Wait a minute, isn't this supposed to be a Tarzan movie? Where is he? You would have to bide your time for a while during this, the Tarzan effort generally regarded as the worst ever until Bo Derek spoiled it by whipping off her togs in her ape man flick over twenty years later, leaving this as so bad it could not even get to the bottom of the list of terrible Tarzans. If indeed it was a Tarzan: nowhere is the character, played by basketball star Denny Miller, called that by name, and as was the wont of producer Al Zimbalist most of it was culled from other films, such was his addiction to stock footage. Therefore what you were watching was a few scenes with the tiny cast beefed up with clips of 1950's King Solomon's Mines.
The difference being the jazz music of big band trumpeter Shorty Rogers played over it, but that endless recycling was not all that was egregious about this one.
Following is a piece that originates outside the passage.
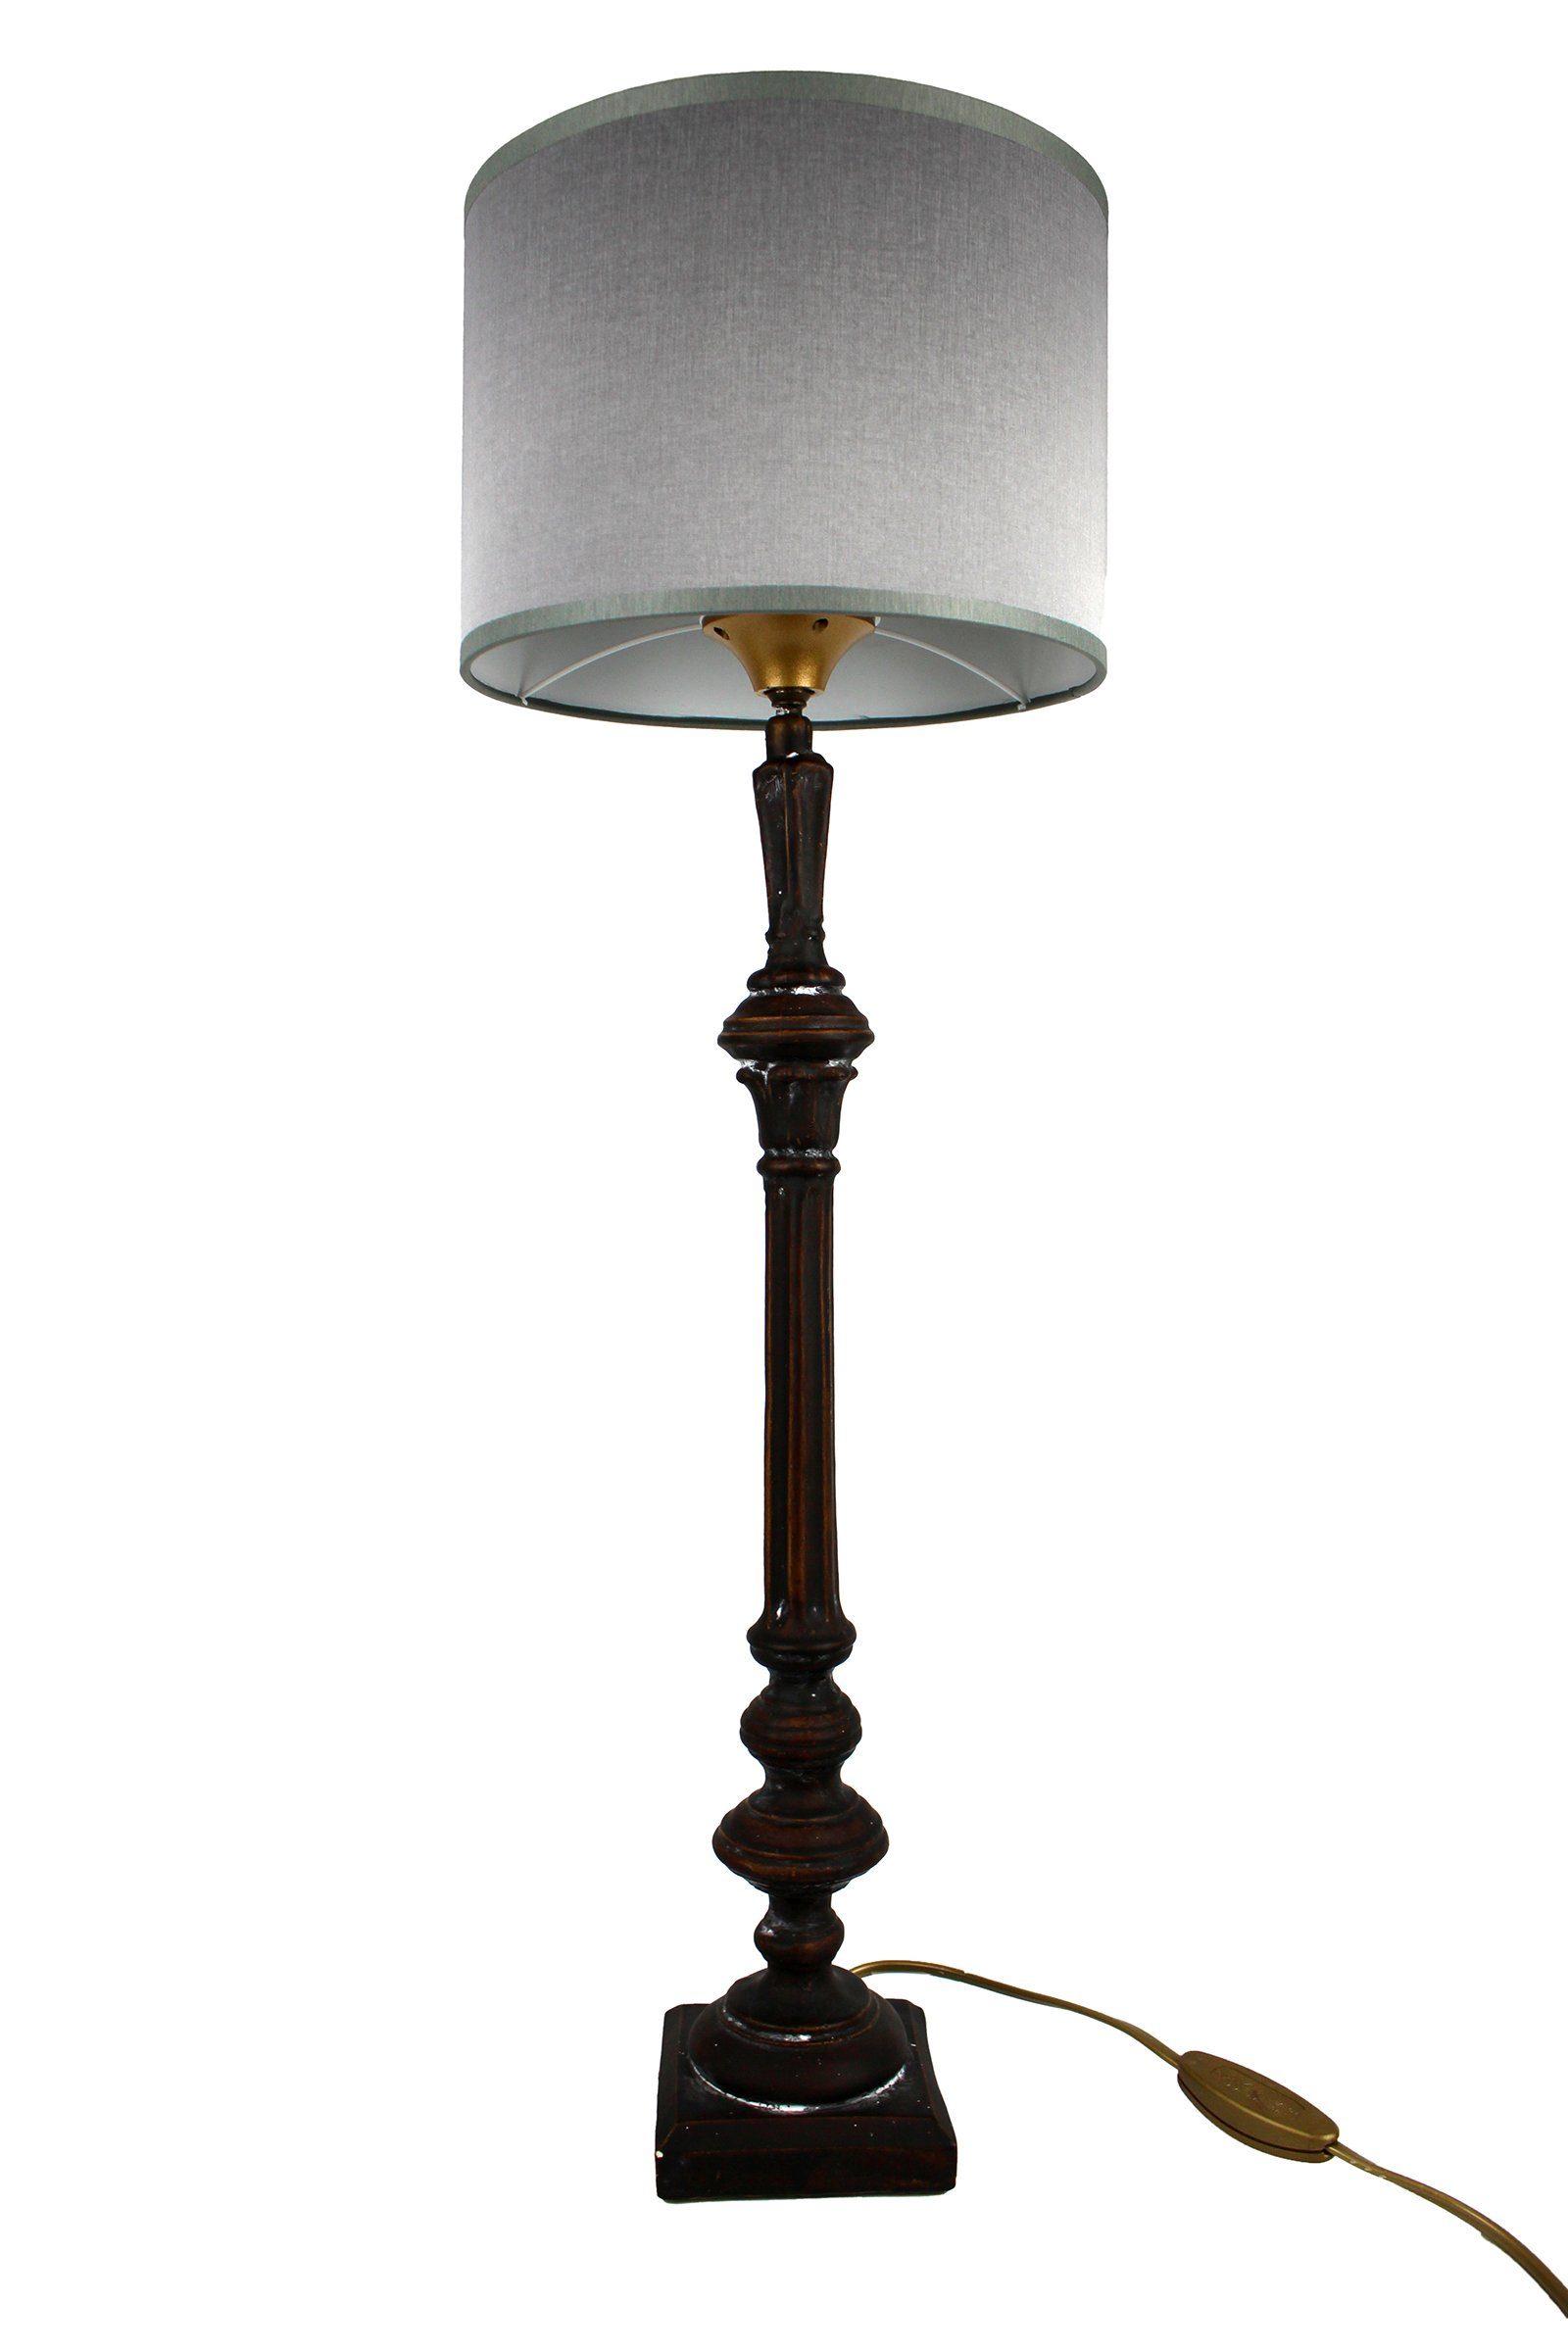 Signature Home Collection Tischleuchte Tischlampe schmal Holz gedrechselt lackiert mit Lampenschirm, ohne Leuchtmittel, warmweiß, handgefertigt in Italien schwarz - grau | Tischlampen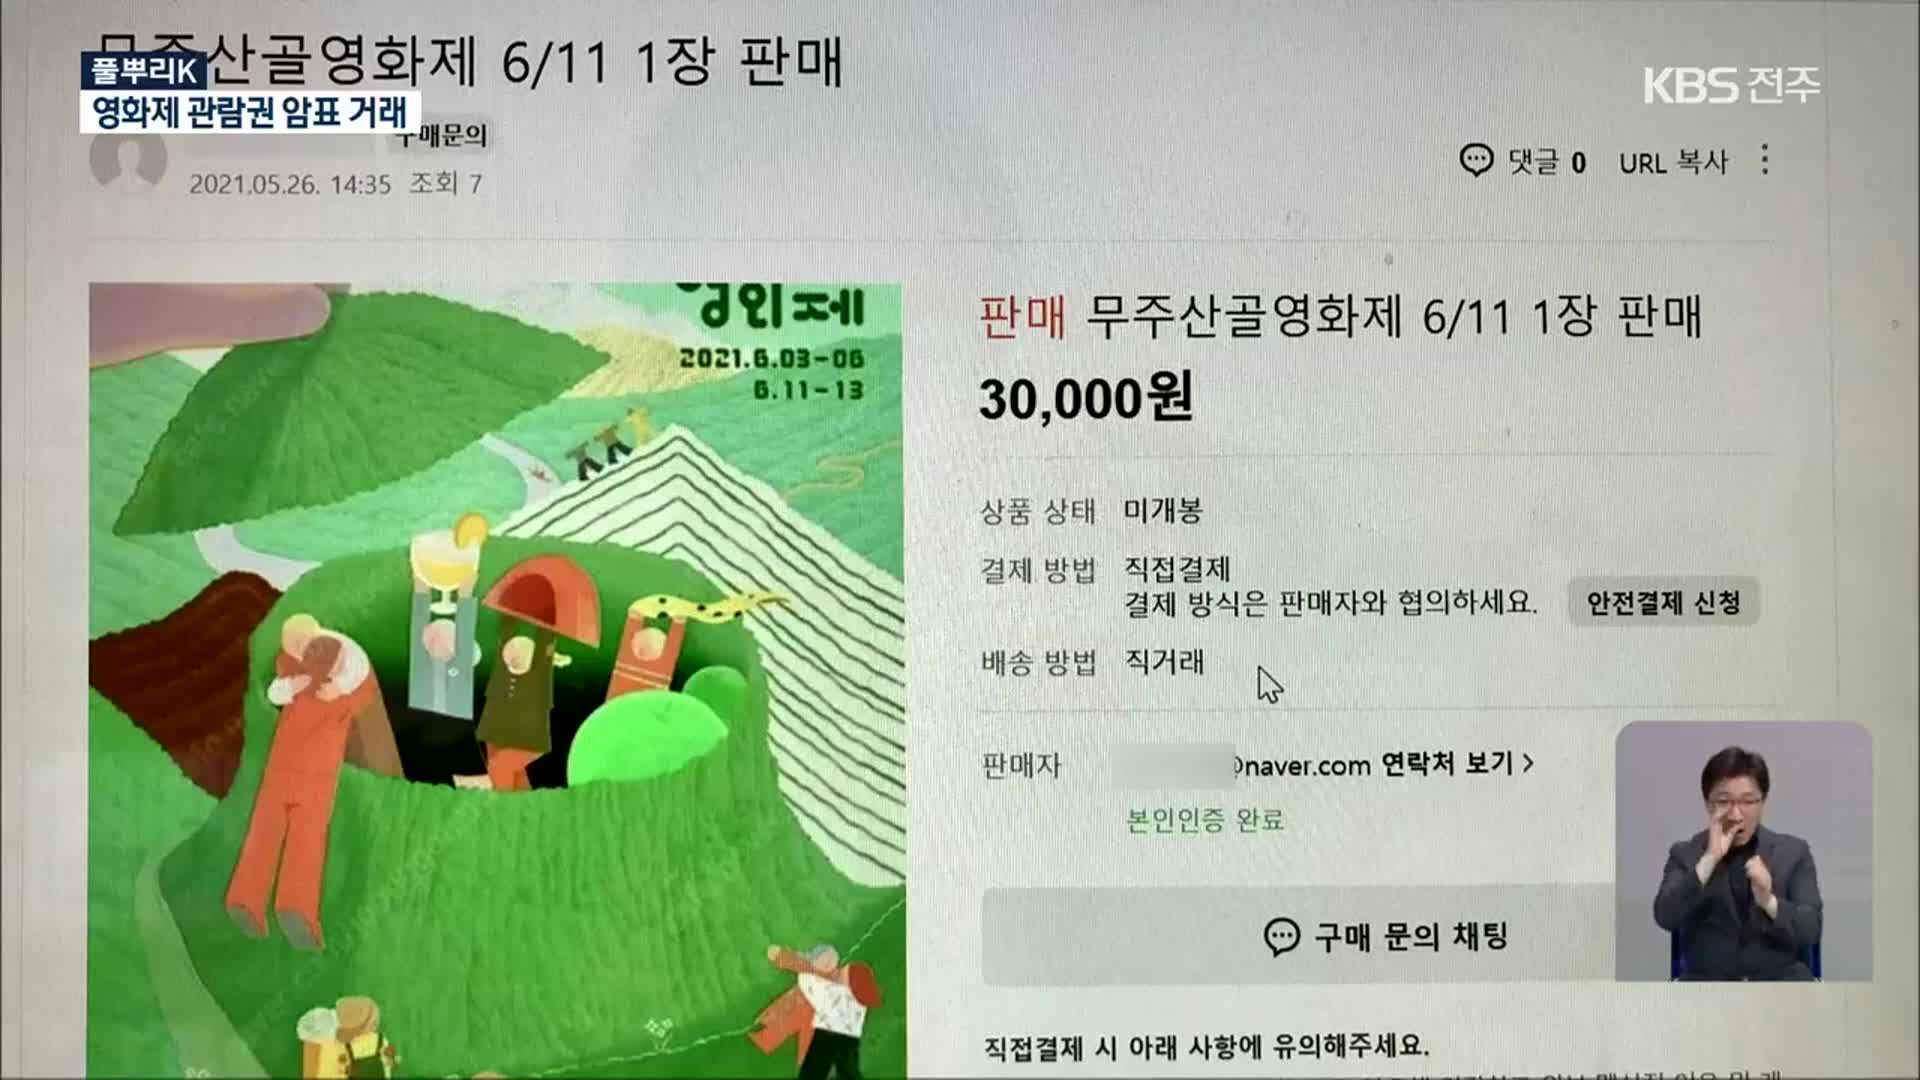 [풀뿌리K] 무주산골영화제 관람권…중고 사이트서 ‘웃돈 거래’ 논란

Yes, there was the fact that Tarzan was only in about half the movie, if that, but the three other characters didn't come off too well either. For a start, there was actually another character, the towering Watusi warrior, who was to lead the others to the Elephants' Graveyard where Holt is practically salivating at the thought of all that ivory. It was indicative of how much the film cared about him that he was purely present as a prompt for adventure, and when it became clear he served no other purpose he was ignominiously sent over a cliff.
Before we got to that stage we had to have Tarzan and Jane meet. Jane has been represented as a woman waking up to the possibilities of life without the corset of polite society, and indeed an actual corset, by the unflattering comparison between her and an elephant scratching its huge arse on a tree stump, which should give you some idea of how clueless the production was. Another idea was a lot less amusing, unless your tolerance for bad taste went that far, as when she meets the Lord of the Jungle she quite plainly believes he wants to rape her, and he does very little to dissuade her of that notion even if he does simply want to hug and cuddle her like Lenny did Curly's Wife in Of Mice and Men, although presumably with less tragic consequences. No matter that they do make friends, he still plays very rough with Jane, ducking her under the water of the river about ten times in succession.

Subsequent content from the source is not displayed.